Studies over the past 2 decades have concluded that polycyclic aromatic hydrocarbons (PAHs), a suite of chemicals produced from the incomplete combustion of carbon-containing materials, are present in mainstream and sidestream smoke at concentrations as high as 0.1 to 0.25 ng/cigarette (Menzie et al. 1992). Toughening indoor smoking laws has undoubtedly led to reductions in exposure of these and other chemicals to nonsmokers. However, Matt et al. (2004) concluded that limiting smoking to the outdoors contaminated indoor settings 5 to 7 times more than not smoking at all. Third-hand smoke may represent a significant vector for carcinogen exposure, especially to high-risk individuals such as infants who ingest 0.05 to 0.25 g of dust per day, including any PAHs that have adsorbed onto carpet or clothing material (Matt et al. 2004), or may come into contact with a smoker's skin.

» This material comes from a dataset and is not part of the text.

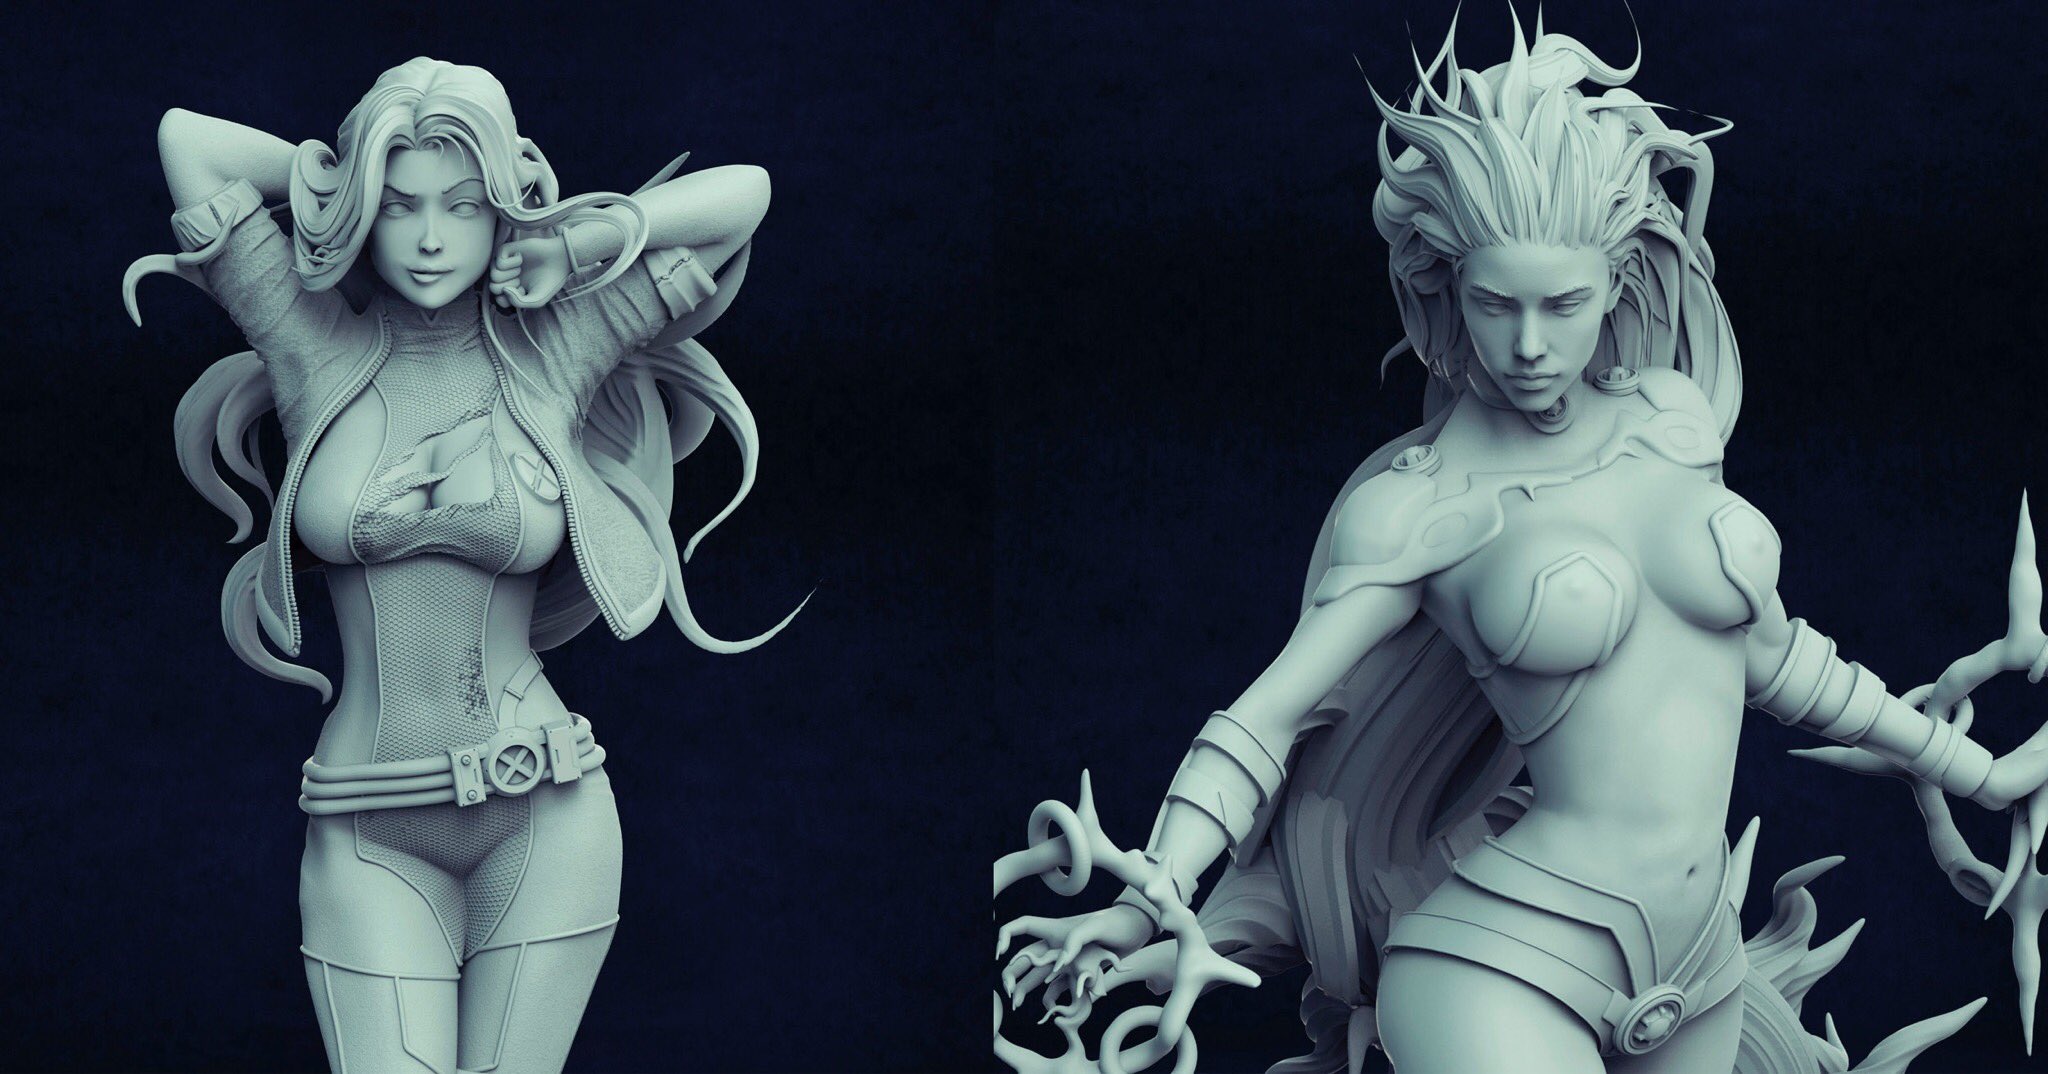 80 LEVEL ar Twitter: "Nicely detailed 3D sculptures by @ruso3d made wi...
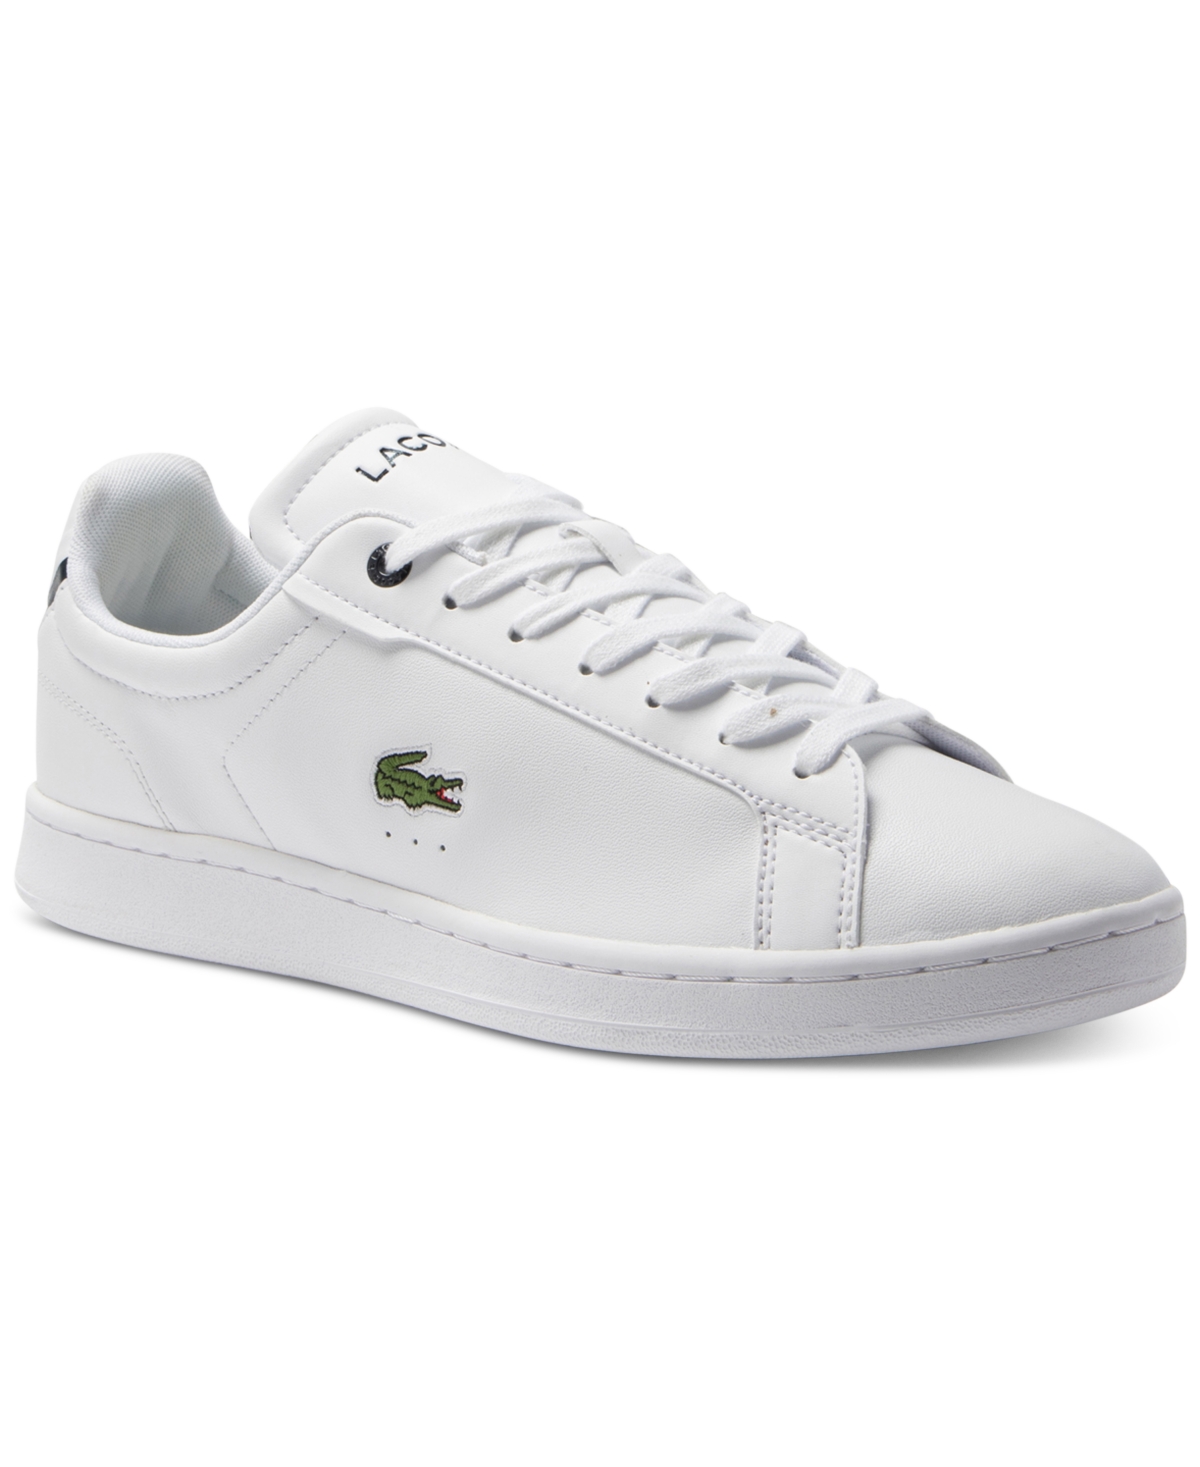 Lacoste Carnaby Pro Bl23 Mens Leather Casual Casual And Fashion Sneakers In White

To date, most of the limited research regarding third-hand smoke has focused on either using nicotine as an indicator for third-hand residue, or it has investigated nicotine's hypothesized role as a precursor in the formation of carcinogenic compounds within indoor environments (Sleiman et al. 2010). The myriad of other potential health hazardous compounds within third-hand smoke, including PAHs, have largely been ignored, and it was our intention to go beyond the studies that focused on nicotine contamination and evaluate PAH residues in third-hand smoke.

Because there are few published values for PAH concentrations in third-hand tobacco residues, we conducted a preliminary study quantifying PAH concentrations in third-hand smoke residues remaining on smokers' hands. We used “swipes” of hands, an increasingly popular and simple method for collecting adsorbed compounds from surfaces. Alcohol-soaked cotton ball swipes from the hands of 170 smokers (after smoking 1 cigarette) and 160 nonsmokers were analyzed. Individual swipes of treatment and control groups were composited to 8 to 10 swipes (to constitute a “sample”) to increase instrumental detection limits.

Composited swipe samples were extracted with hexane using a Soxhlet extractor for 18 h and “cleaned-up” using bench-top solid-liquid chromatography with alumina as the stationary phase and hexane as the mobile phase. Samples were subsequently concentrated under N gas and a perdeuterated PAH (fluoranthene-d10) was added as the internal standard. Twenty individual PAHs were quantified by gas chromatography mass spectrometry using a 5-point calibration curve. Mean recoveries of a perdeuterated PAH (perylene-d12) surrogate were 67%.

Given the ubiquitous nature of PAHs in the environment, it was not surprising that all PAH compounds were detected above blank-based detection limits from swipes collected from both the smokers' and nonsmokers' hands. However, concentrations (expressed as the sum of all PAH compounds per swiped hand) were significantly higher (confidence interval at 90% for 17 of 20 PAHs) for hands directly exposed to tobacco smoke versus nonsmokers' hands (34 ng/hand vs 13 ng/hand, respectively). From this preliminary study, we conclude smoking cigarettes significantly increases PAH residue on smokers' hands by approximately 3 times that of nonsmokers.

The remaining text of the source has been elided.